▶ [EXERCISE GOAL]: From the line holding "Gold dollar coins" through the line holding "Hydro Flask 64oz" below, write out every line exactly; include both of those lines and drop the pictures.

** Opening DATA RECORDS block **

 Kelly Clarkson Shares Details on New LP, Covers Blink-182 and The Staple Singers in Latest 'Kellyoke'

** Closing DATA RECORDS block **
** Opening DATA RECORDS block **

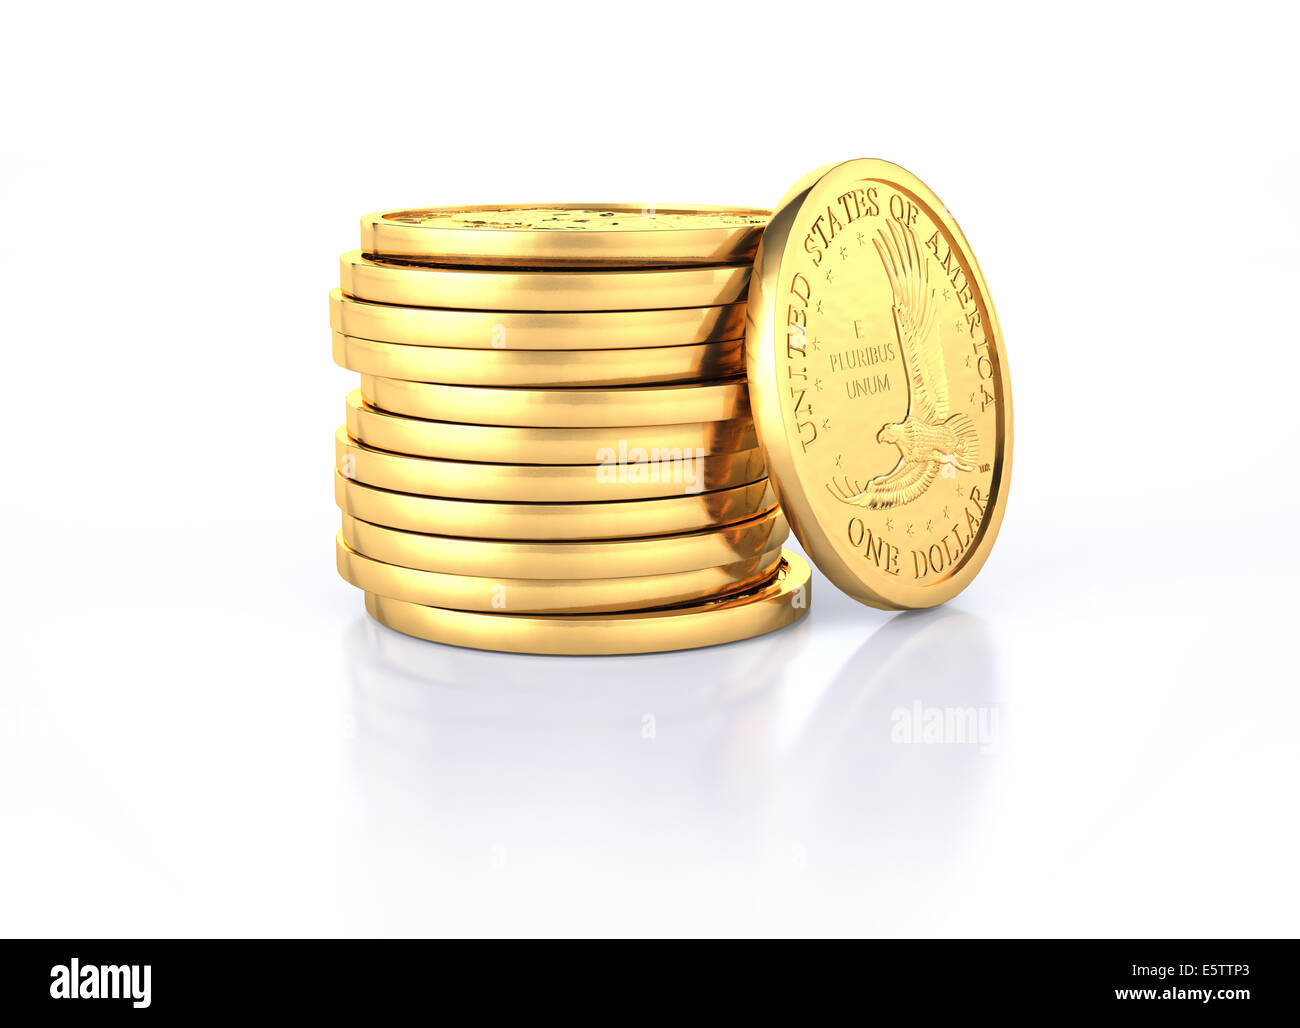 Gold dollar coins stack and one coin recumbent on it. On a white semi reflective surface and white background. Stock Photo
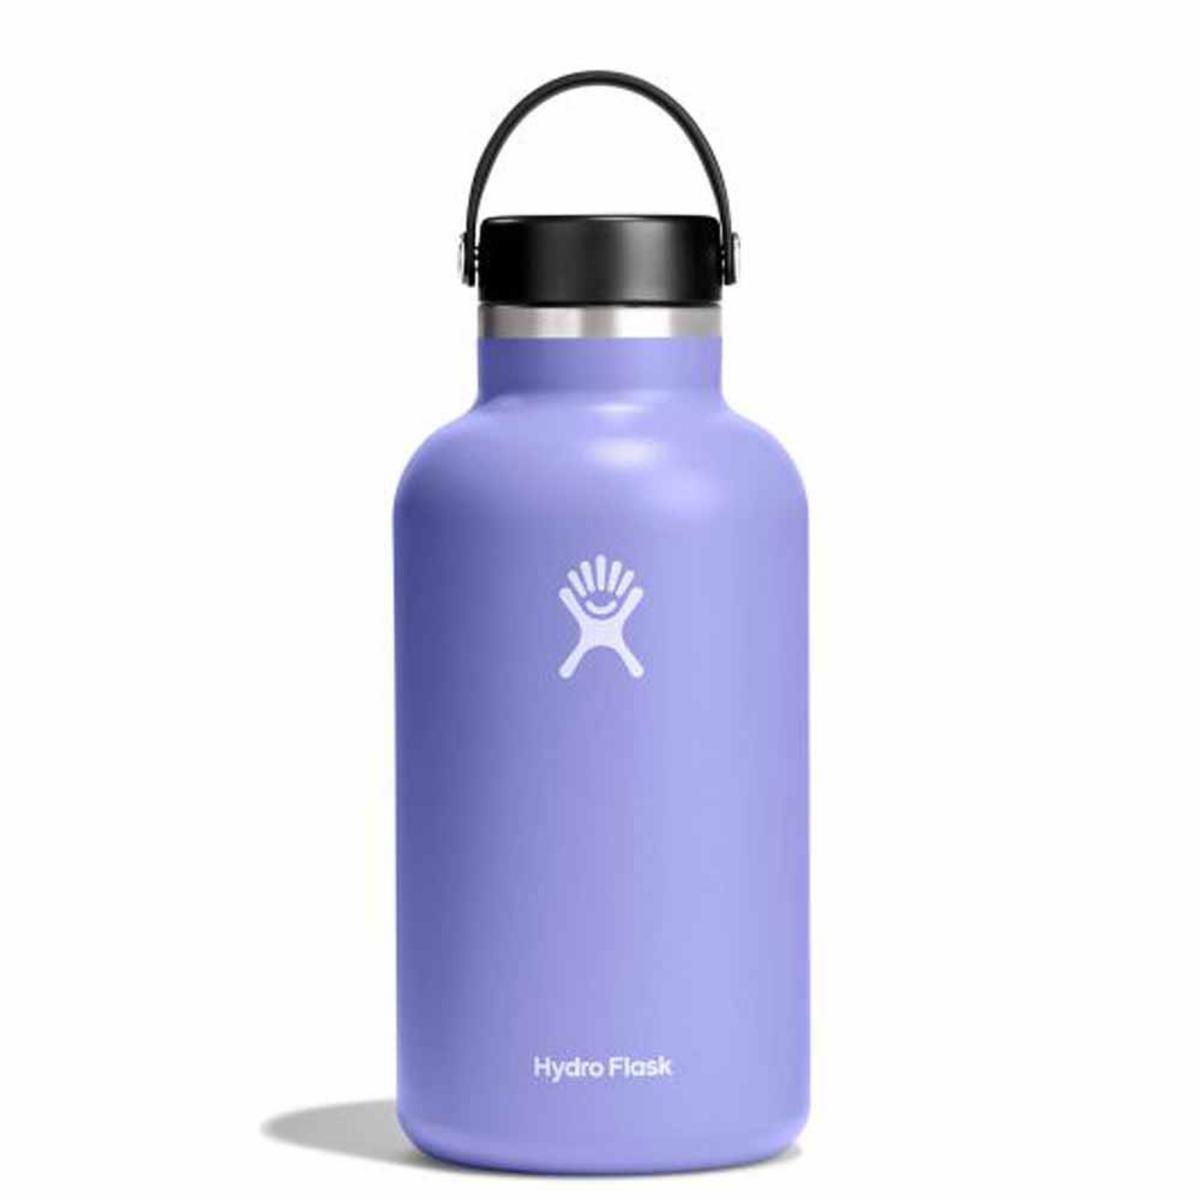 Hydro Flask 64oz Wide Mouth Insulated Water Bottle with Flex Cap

** Closing DATA RECORDS block **
** Opening DATA RECORDS block **

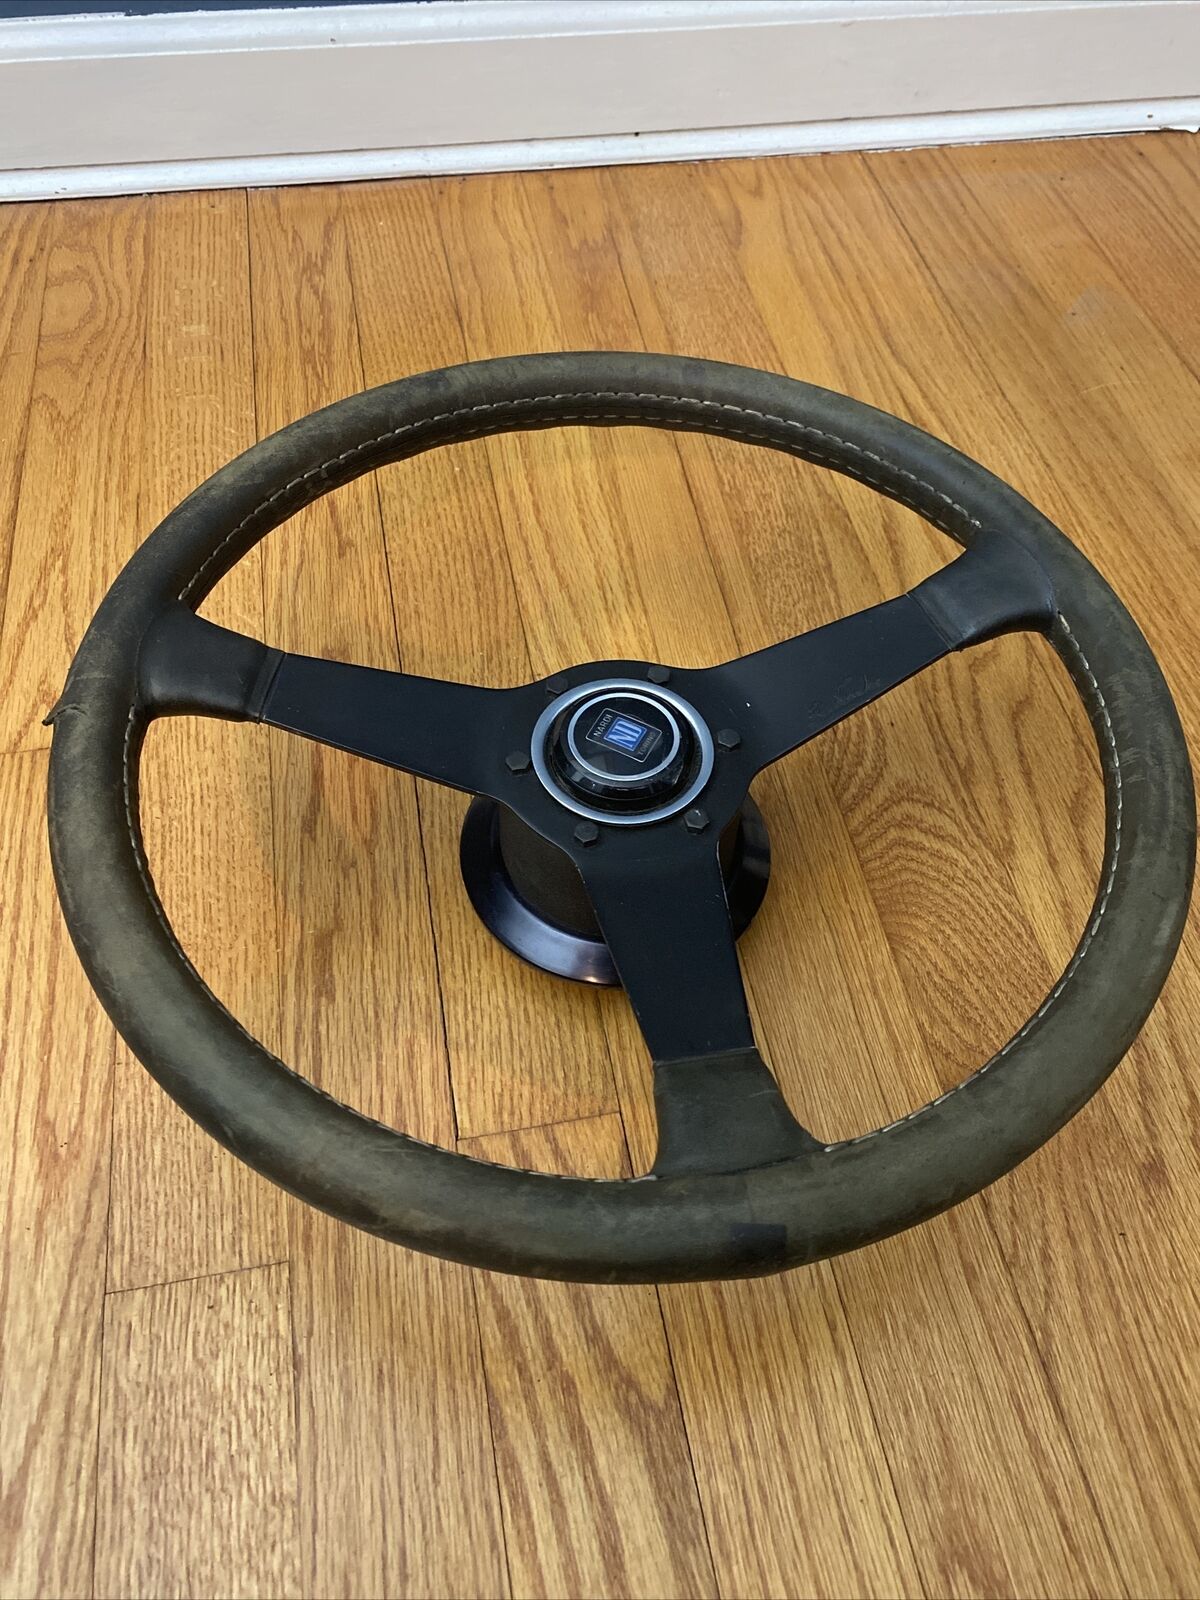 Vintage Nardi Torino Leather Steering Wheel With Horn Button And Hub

** Closing DATA RECORDS block **

▶ [SOLUTION TO THE EXERCISE]:
 Gold dollar coins stack and one coin recumbent on it. On a white semi reflective surface and white background. Stock Photo
 Hydro Flask 64oz Wide Mouth Insulated Water Bottle with Flex Cap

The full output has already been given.